AVAILABLE DATA:
━━━━━━━━

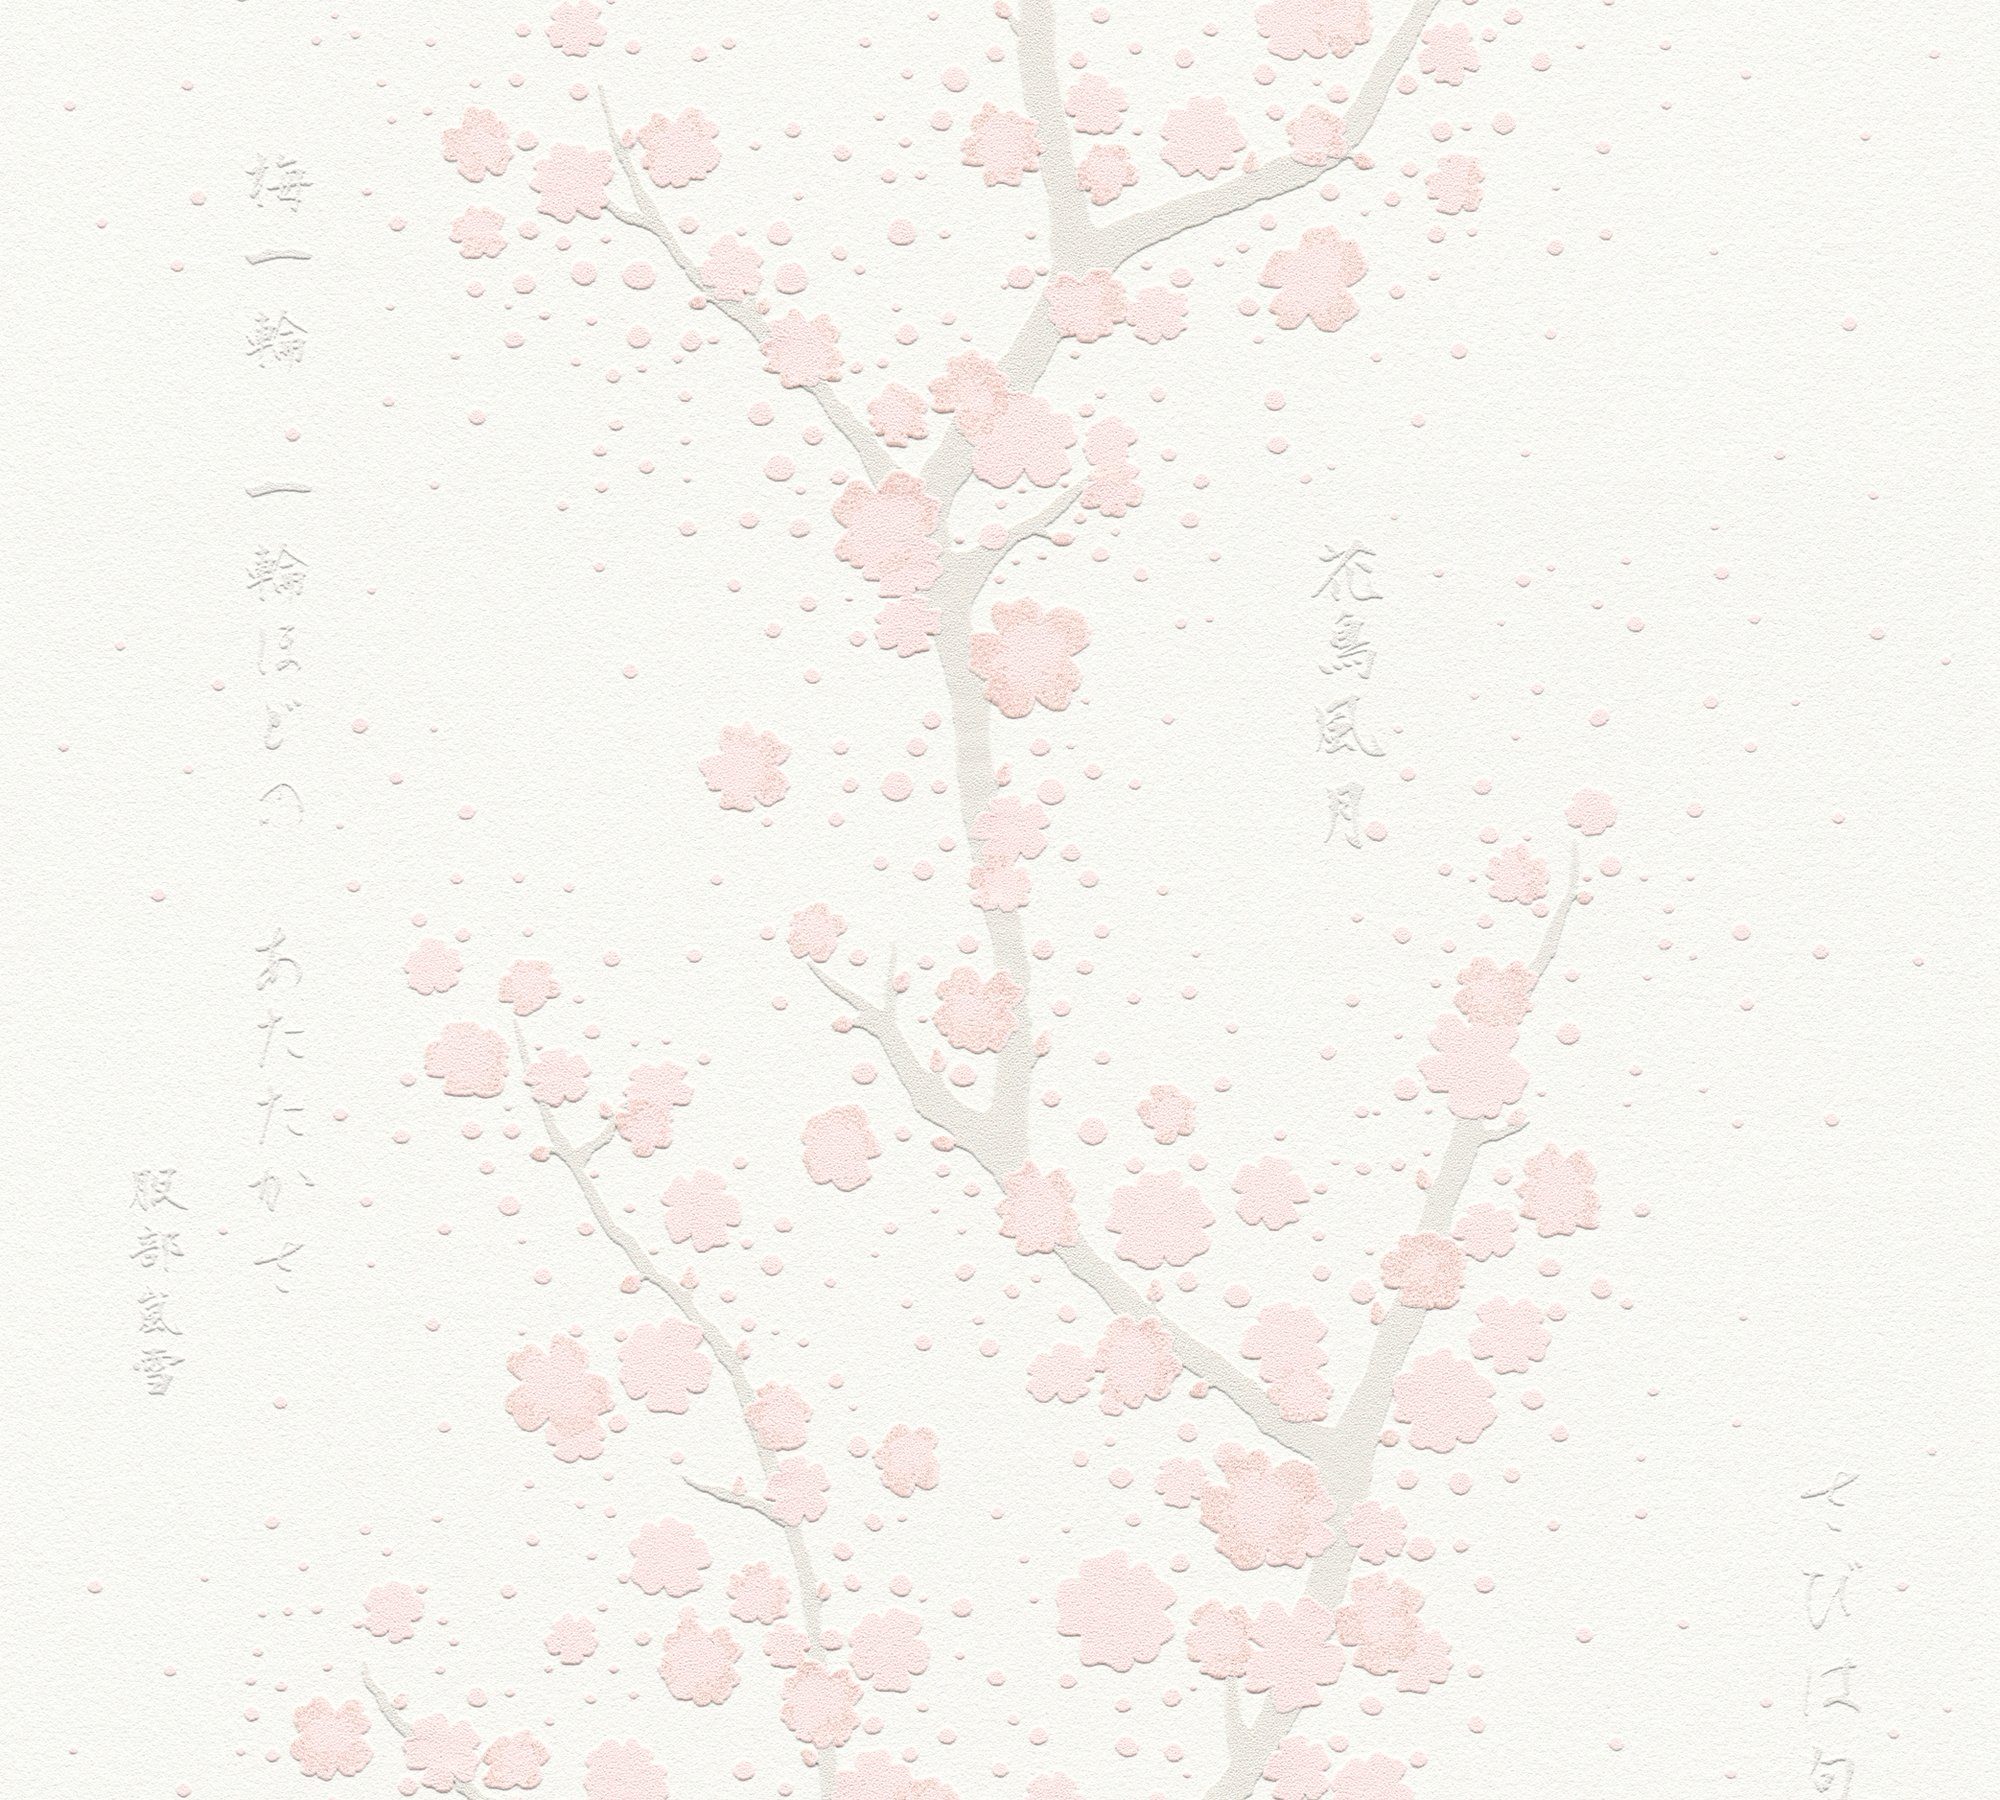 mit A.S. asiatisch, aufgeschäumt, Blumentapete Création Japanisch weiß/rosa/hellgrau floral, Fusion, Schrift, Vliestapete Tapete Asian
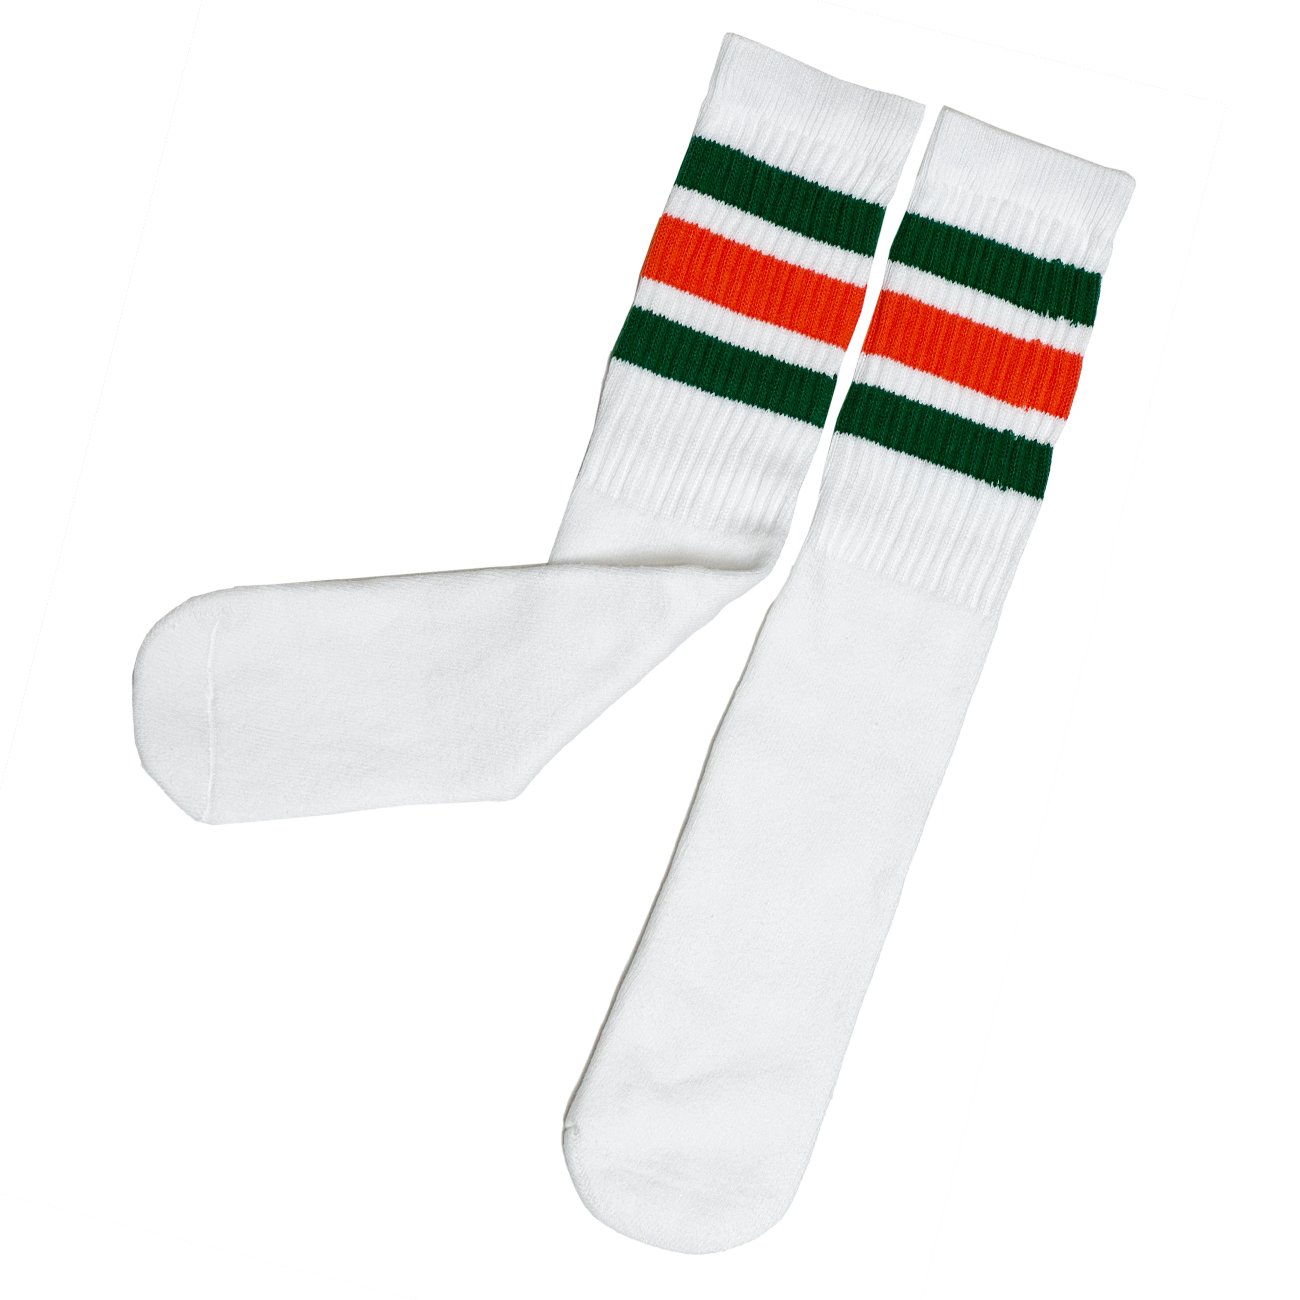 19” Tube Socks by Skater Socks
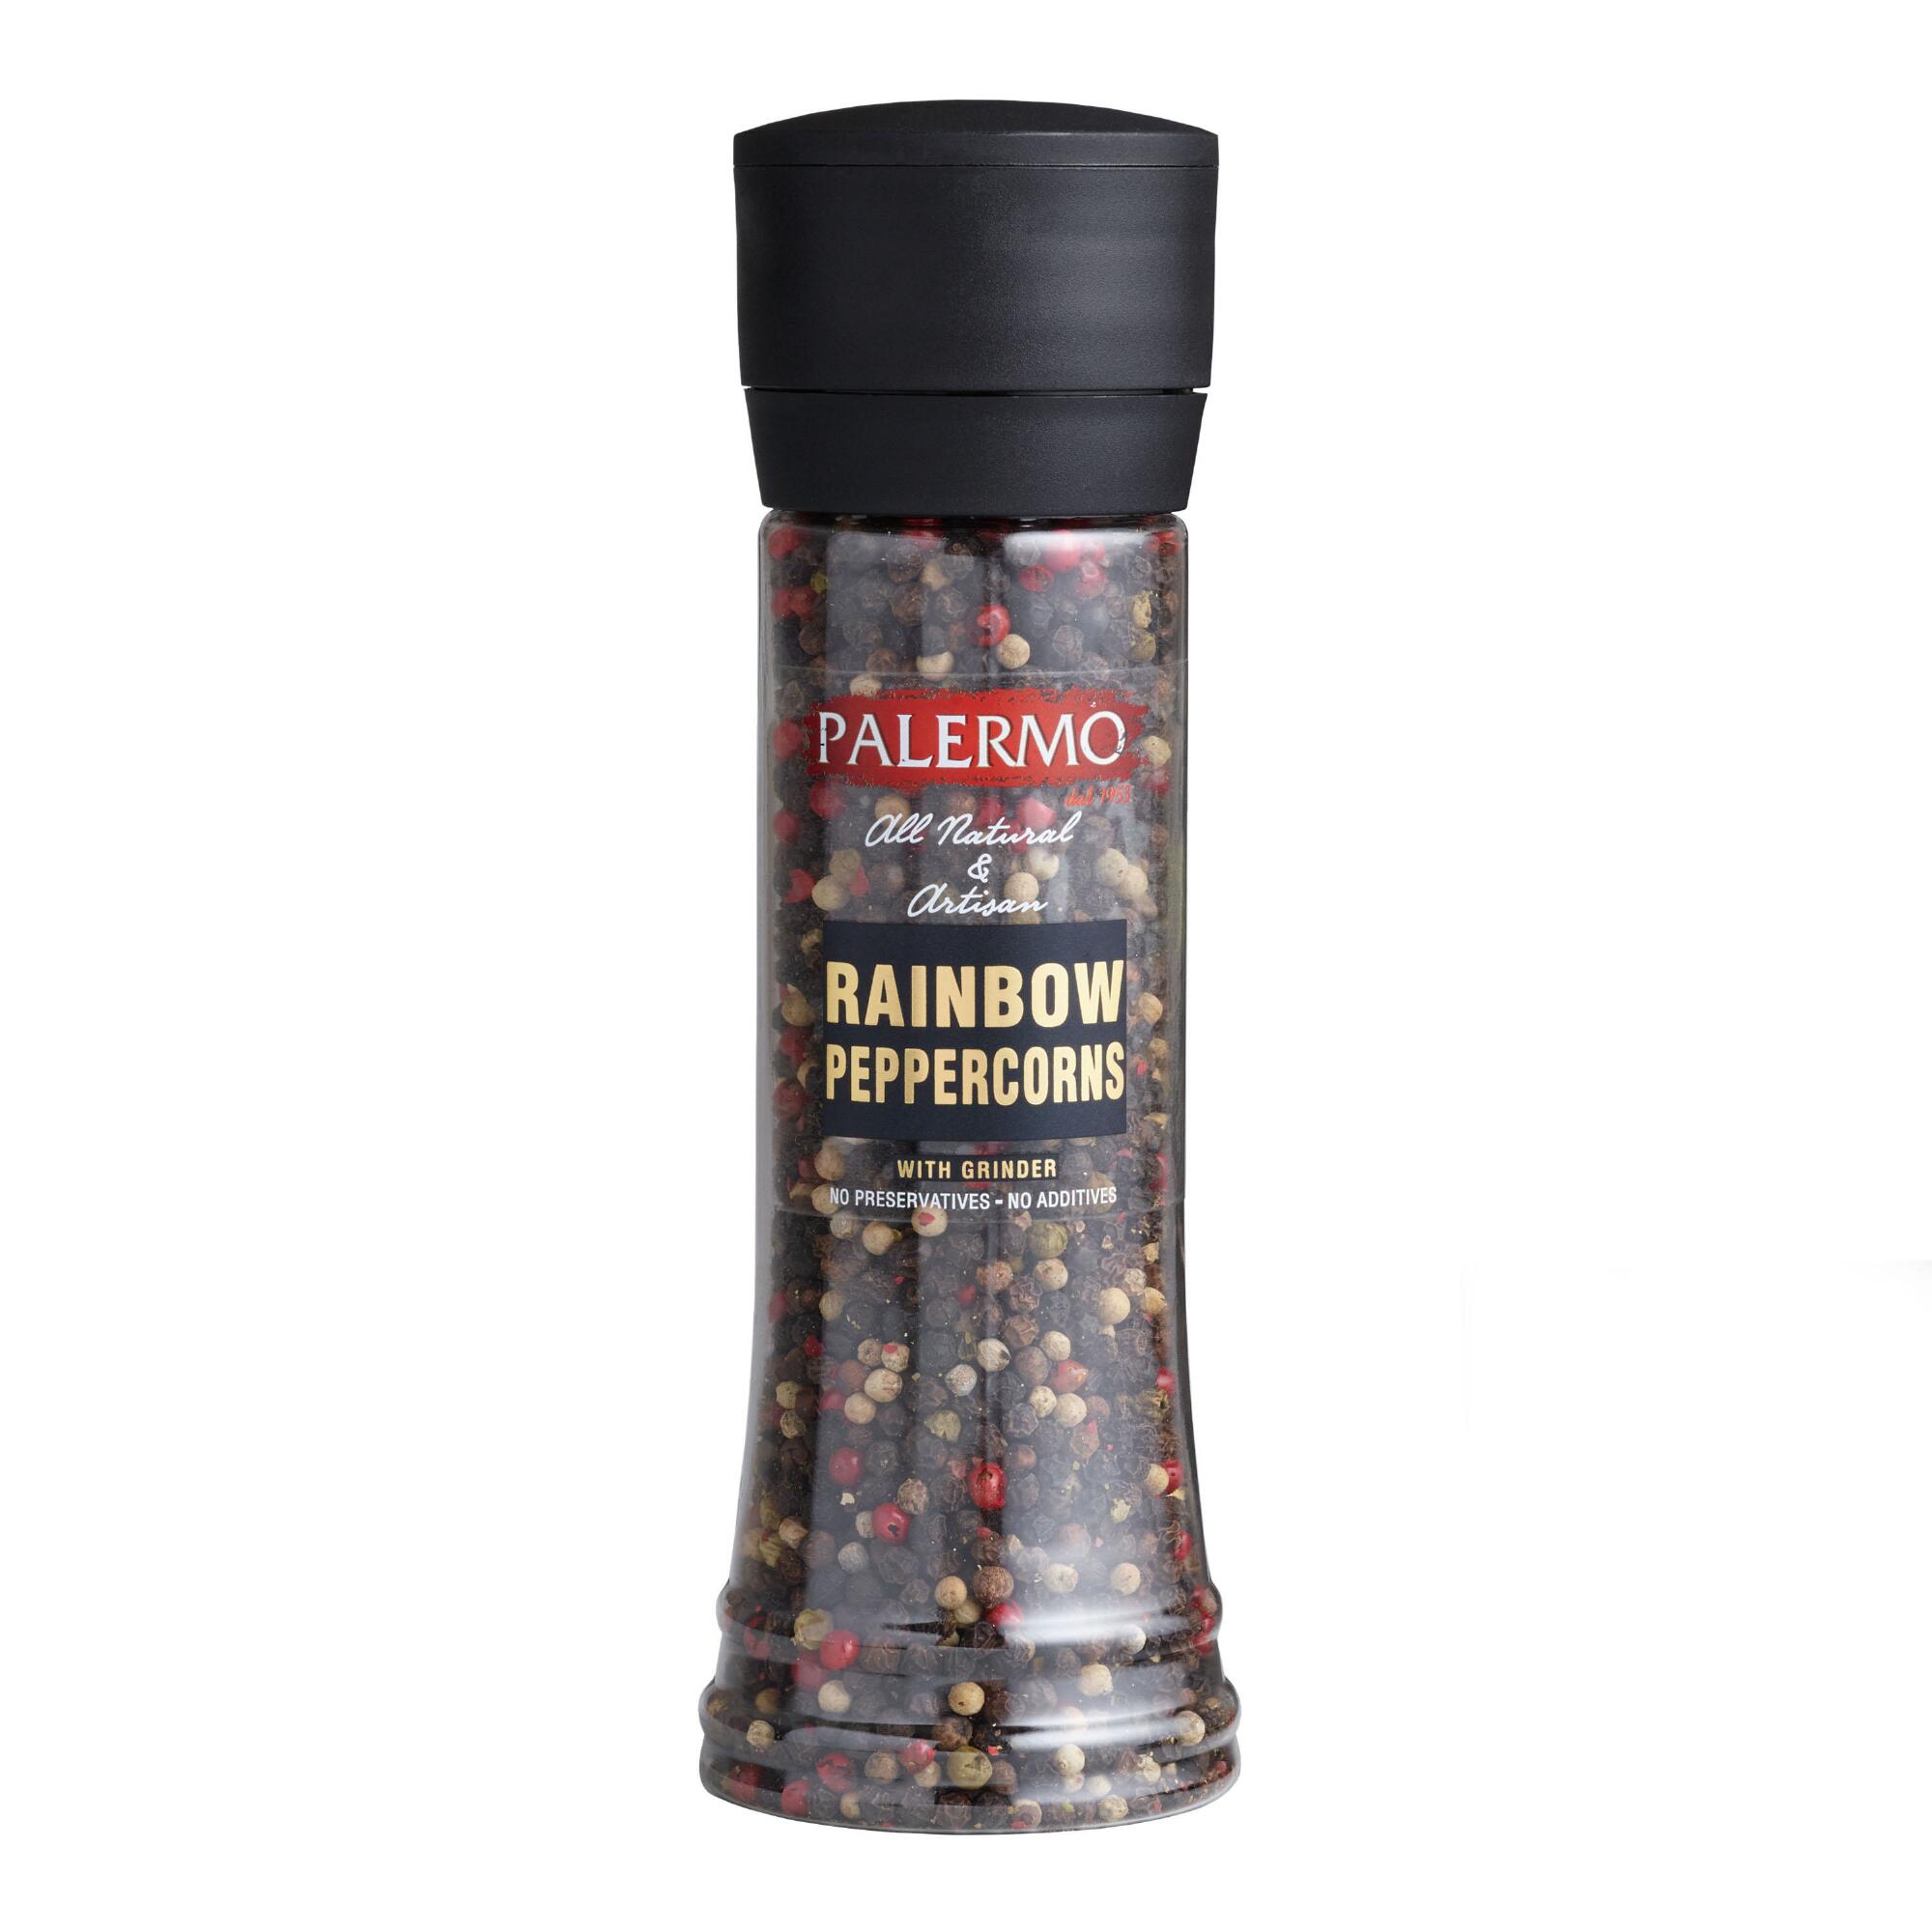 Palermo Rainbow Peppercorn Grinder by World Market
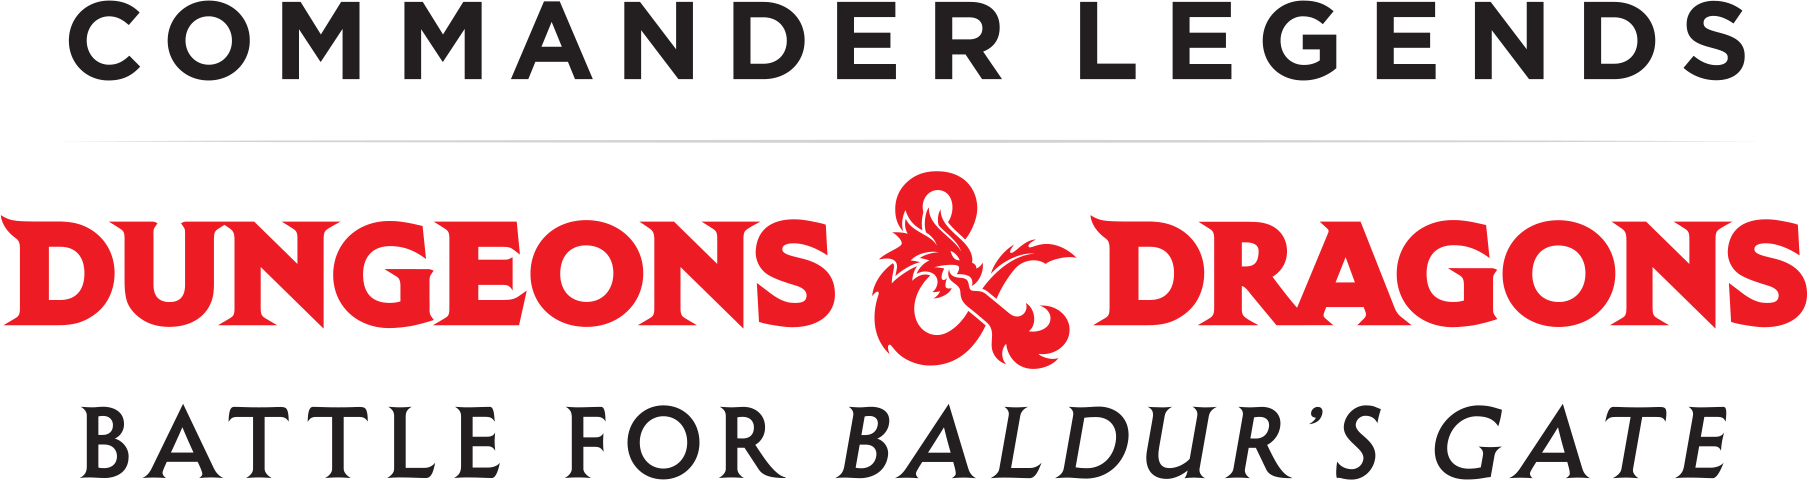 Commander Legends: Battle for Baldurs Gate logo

━━━━━━━━

WHAT TO PRODUCE:
None of the pictures should appear, though every line of the data above must be reproduced exactly.

FINISHED EXERCISE:
 mit A.S. asiatisch, aufgeschäumt, Blumentapete Création Japanisch weiß/rosa/hellgrau floral, Fusion, Schrift, Vliestapete Tapete Asian
 19” Tube Socks by Skater Socks
 Palermo Rainbow Peppercorn Grinder by World Market
 Commander Legends: Battle for Baldurs Gate logo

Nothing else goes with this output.